#### Exercise description:
Everything from the line containing "Is bruno mars wife who Bruno Mars'" through the final line of the material is to be restated word for word, and only that.

START Records provided

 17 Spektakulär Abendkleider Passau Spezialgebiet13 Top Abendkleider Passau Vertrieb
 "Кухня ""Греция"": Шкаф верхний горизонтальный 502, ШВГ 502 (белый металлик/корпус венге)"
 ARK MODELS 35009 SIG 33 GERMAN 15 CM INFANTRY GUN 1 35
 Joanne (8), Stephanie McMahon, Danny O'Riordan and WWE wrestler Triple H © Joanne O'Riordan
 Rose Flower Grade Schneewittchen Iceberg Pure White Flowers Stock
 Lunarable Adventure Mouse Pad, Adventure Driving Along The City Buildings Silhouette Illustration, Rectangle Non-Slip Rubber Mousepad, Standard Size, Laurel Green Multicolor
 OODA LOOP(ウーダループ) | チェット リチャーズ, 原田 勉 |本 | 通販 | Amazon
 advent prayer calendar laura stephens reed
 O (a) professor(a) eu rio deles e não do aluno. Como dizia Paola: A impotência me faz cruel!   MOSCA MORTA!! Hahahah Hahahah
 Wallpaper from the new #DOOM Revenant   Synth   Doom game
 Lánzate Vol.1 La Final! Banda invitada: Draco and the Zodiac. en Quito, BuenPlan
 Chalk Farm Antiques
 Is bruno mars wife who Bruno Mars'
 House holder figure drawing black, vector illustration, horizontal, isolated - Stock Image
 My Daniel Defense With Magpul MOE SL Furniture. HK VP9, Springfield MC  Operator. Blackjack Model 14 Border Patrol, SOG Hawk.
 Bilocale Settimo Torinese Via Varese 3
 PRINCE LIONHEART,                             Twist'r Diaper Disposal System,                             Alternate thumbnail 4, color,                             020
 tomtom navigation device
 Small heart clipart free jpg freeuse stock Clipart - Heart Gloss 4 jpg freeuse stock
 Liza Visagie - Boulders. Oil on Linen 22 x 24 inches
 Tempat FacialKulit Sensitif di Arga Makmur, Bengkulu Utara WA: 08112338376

END Records provided

#### Your response:
 Is bruno mars wife who Bruno Mars'
 House holder figure drawing black, vector illustration, horizontal, isolated - Stock Image
 My Daniel Defense With Magpul MOE SL Furniture. HK VP9, Springfield MC  Operator. Blackjack Model 14 Border Patrol, SOG Hawk.
 Bilocale Settimo Torinese Via Varese 3
 PRINCE LIONHEART,                             Twist'r Diaper Disposal System,                             Alternate thumbnail 4, color,                             020
 tomtom navigation device
 Small heart clipart free jpg freeuse stock Clipart - Heart Gloss 4 jpg freeuse stock
 Liza Visagie - Boulders. Oil on Linen 22 x 24 inches
 Tempat FacialKulit Sensitif di Arga Makmur, Bengkulu Utara WA: 08112338376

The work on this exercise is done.